Lois probably chose a "normal" type to contrast this most "un-normal" act. It looked like a normal quote pulled from a magazine and just ripped your guts out for that reason. The land of Ozzie and Harriet, Father Knows Best, and Lassie were jolted out of their Hollywood dream by the stark, naked, unembellished truth of war.
Sorry again, back to type.
Type was not an "instant gratification sport" like it is today. You had limited choices for tight deadlines like a weekly news magazine. Mostly, like I said before, it wasn't about the typeface. Things are not always about type. I wish they were, that would be much simpler a world. Children don't die because of a typeface.
Sorry again. I can't get back to type just now.
ChrisL


Lois probably chose a “normal” type to contrast this most “un-normal” act. It looked like a normal quote pulled from a magazine and just ripped your guts out for that reason.

Chris, I think you nailed it. To have set the headline in something more literal would have given away the punch line, so to speak.


(Mark, what did you write/delete?!)

> Lois probably chose a “normal” type to contrast

OK, that COULD make sense.

hhp


(Mark, what did you write/delete?!)

Something I (luckily) realized was completely stupid as soon as I posted it. Thank goodness we can delete our own posts.


Op/Ed piece here got me thinking.

In the coming months we'll probably see one or more typographic, or at least typonumeric, US magazine covers when the 2000th US soldier dies in Iraq. I'm guessing '2000' white on black. Which font* would you use?

Cheers, Si

*As this isn't a real world exercise you don't need to limit your choices to Font Bureau fonts.


"...US magazine covers when the 2000th US soldier dies in Iraq. I’m guessing ‘2000’ white on black. Which font* would you use?"

Let's see--what was that font used on all the Bush/Cheny bumper stickers?

ChrisL


> Which font* would you use?

Is there one that looks like oil slicks?

hhp


I remember the font name now: "Bad Intel Gothic" from the WMD Foundry.

ChrisL


The W 2000 bumper sticker idea is clever, although I don't think there was an official Bush/Cheney sticker that had the year.

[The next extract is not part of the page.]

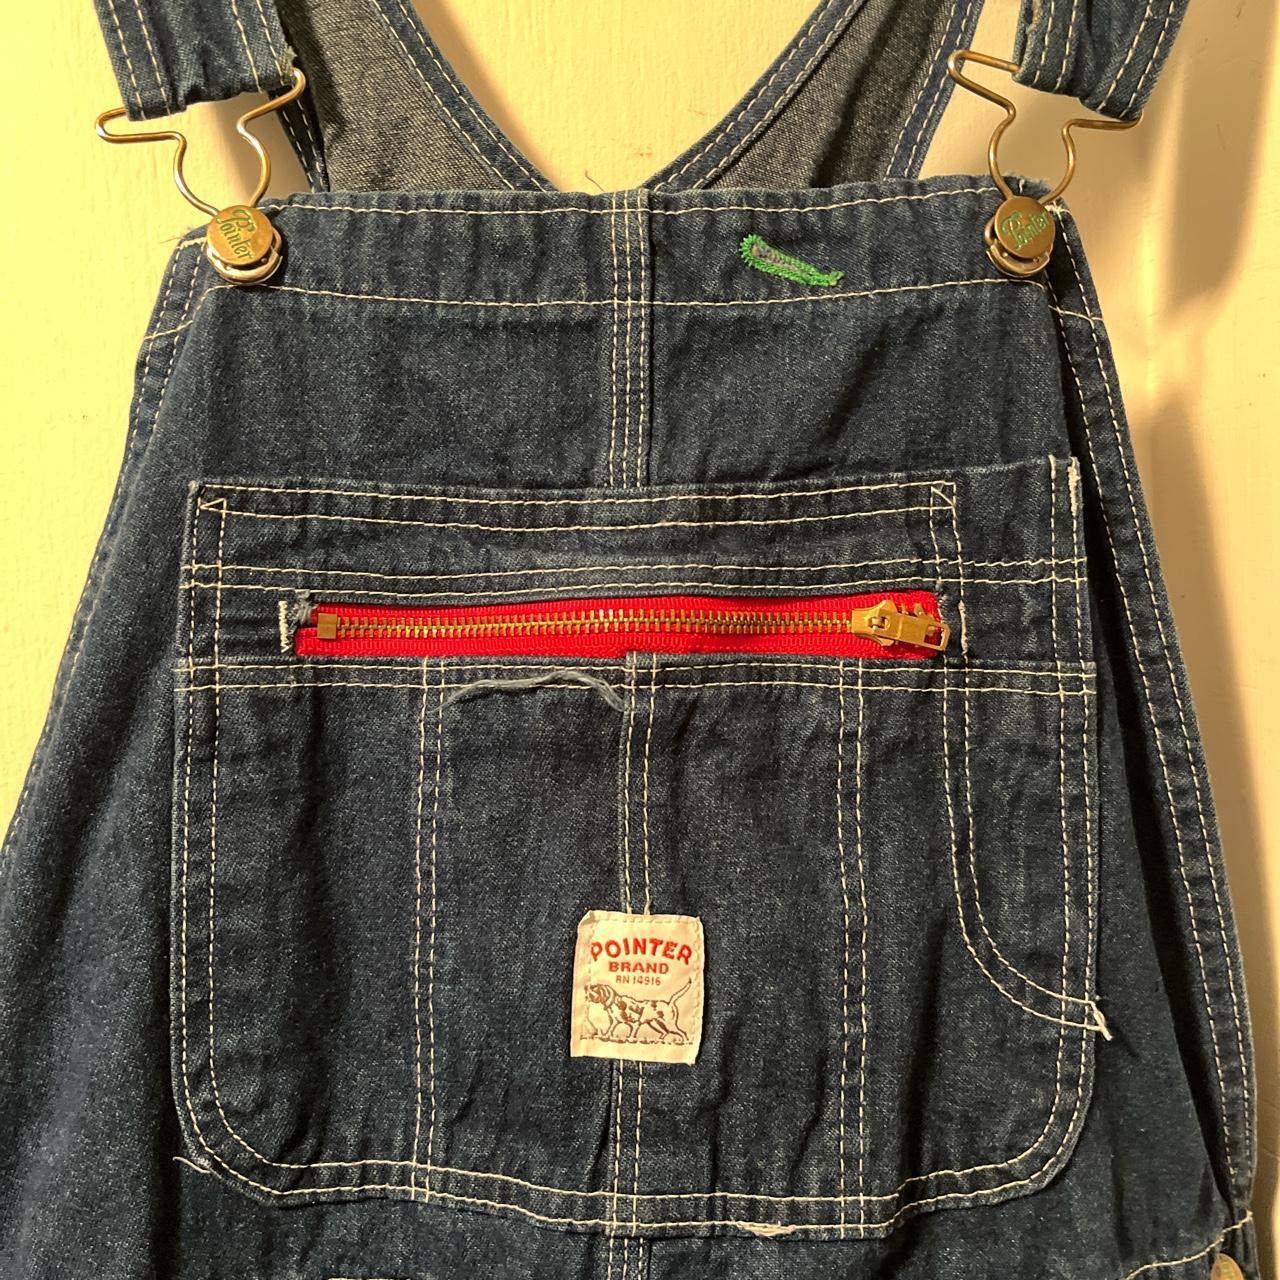 Pointer brand overalls with sweet red zipper detail - Depop

Sticking with the rules the type would be reversed out of the black oil - that might look good. But that might confuse the readers as oil might equate more to gas prices than the casualties of war.


Red oil then?
Font: Amplitude.

hhp


Might work, especially with the ultra - although only the 2 has the oil traps.


> only the 2 has oil traps.

:->
You could "angularize" two opposing corners in the counter of the zero*. And I would use an extended weight (at a smaller size as a result) if there is one.

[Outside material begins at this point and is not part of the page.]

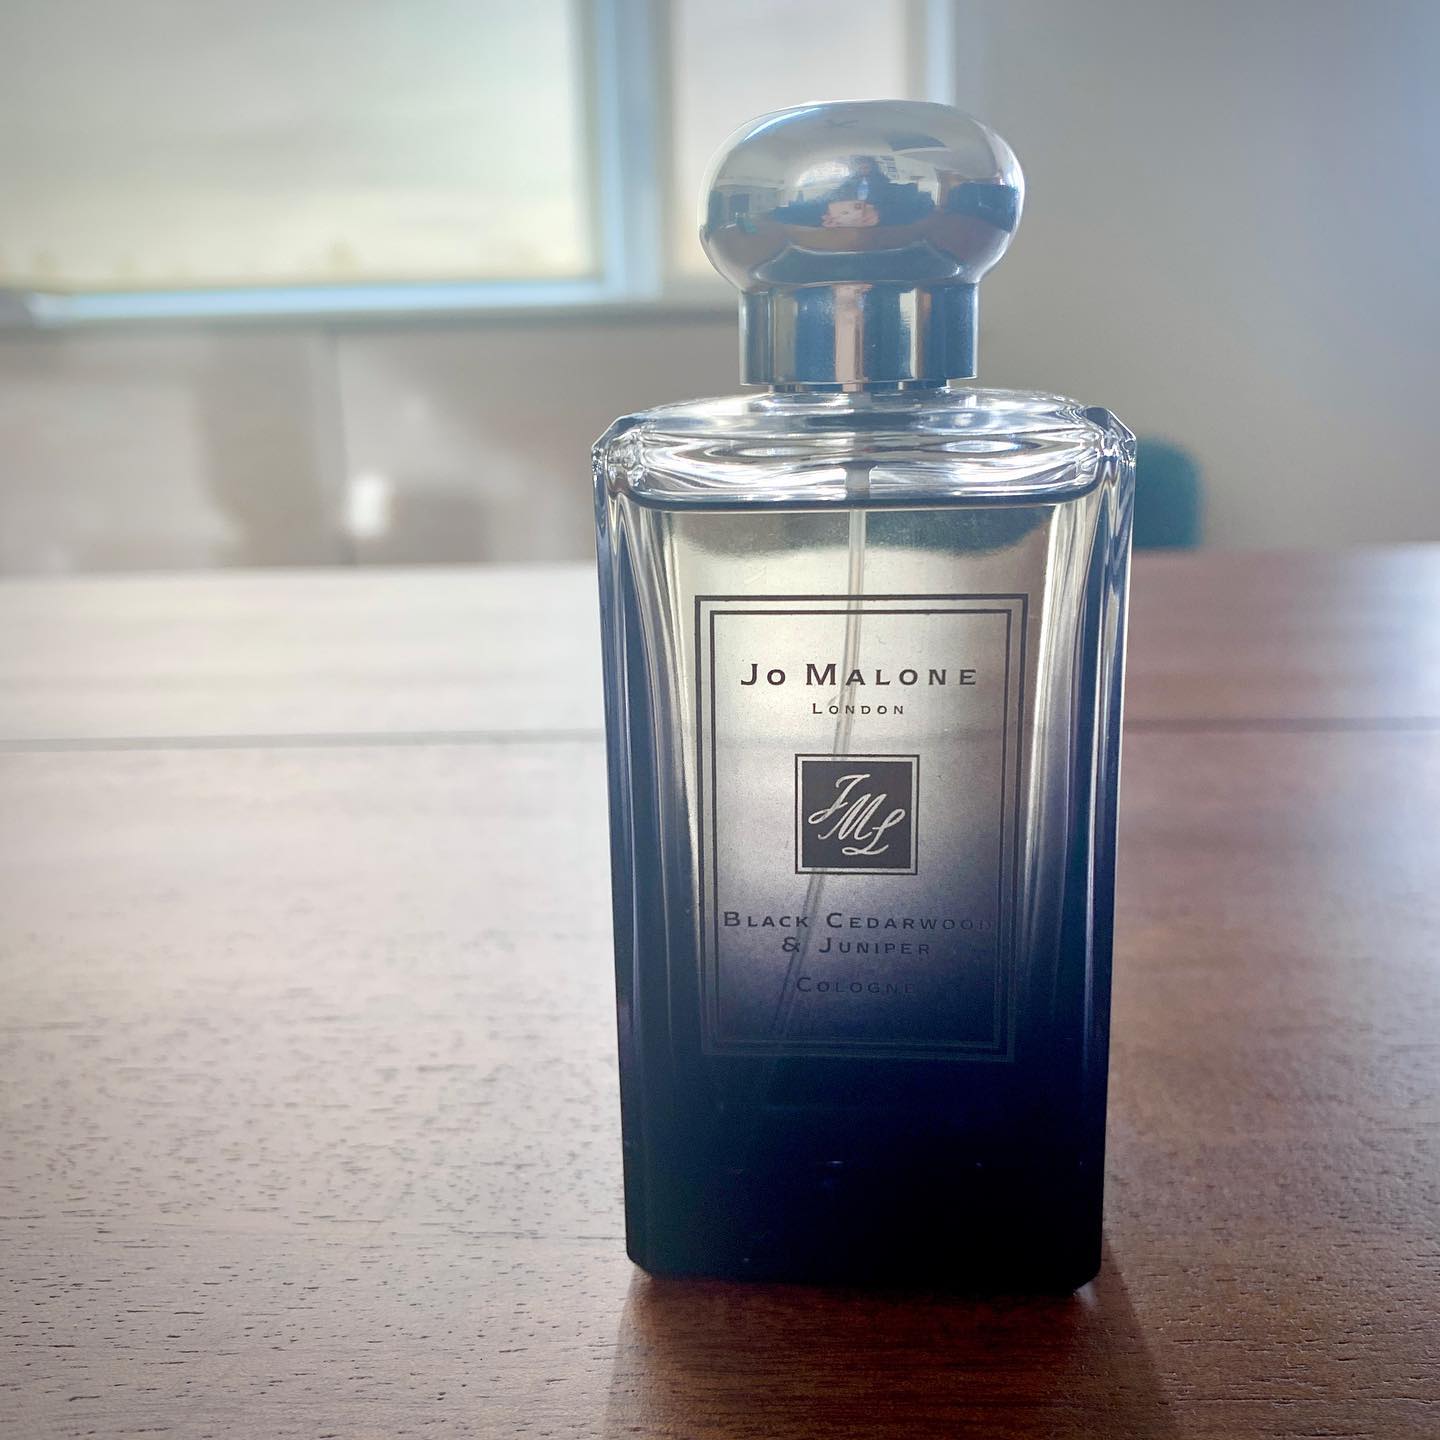 Jo Malone Black Cedarwood and Juniper Cologne Review | Canadian Beauty

* And then maybe the same for the top-right of the top counter of the 2.

About the red though: not solid, but a subtle swirly texture. Like a quagmire.

hhp


>And I would use an extended weight (at a smaller size as a result) if there is one.

Yes full set of wides... http://www.myfonts.com/fonts/fontbureau/amplitude/


And the headline could read:

2000 Dead, brought to you by the States in Red.

ChrisL


"Would you rather be Red or Dead?"

ChrisL


Hmmm, I just downloaded Flash8 (on Firefox/Win-XP) and tried to insert a GIF, but no go. Help?

(My filename had "++" in it - could that be the problem?)

hhp


Anyway, just so this isn't clogging my desktop:

http://www.themicrofoundry.com/other/2000++.gif

Still missing the 'mire though.

hhp


Hrant,
Maybe you mean to use one of those signs like McDonalds uses: Over 1,000,000,000,000,000 Sold"

You might have a better word in mind for "sold" though :-)

ChrisL


Or have one of those scrolly LED setups showing the barrels-per-deaths quotient.

http://www.theonion.com/content/node/34132

hhp


Gotta love the Onion, they are a barrel of laughs :-)

ChrisL

or is that a Bushal basquet of laughs?


I just love how the networks chose red for the Republicans. Now we can say that Bush is the new Red Menace.


"Now we can say that Bush is the new Red Menace"

Or was it the red ink the U.S. Gov went into since the W administration?

ChrisL


The art director in me would do it as an odometer.


That was my thought too, alternately as a stock ticker, or in the style of scrolling text you see at the bottom of the screen on Fox News.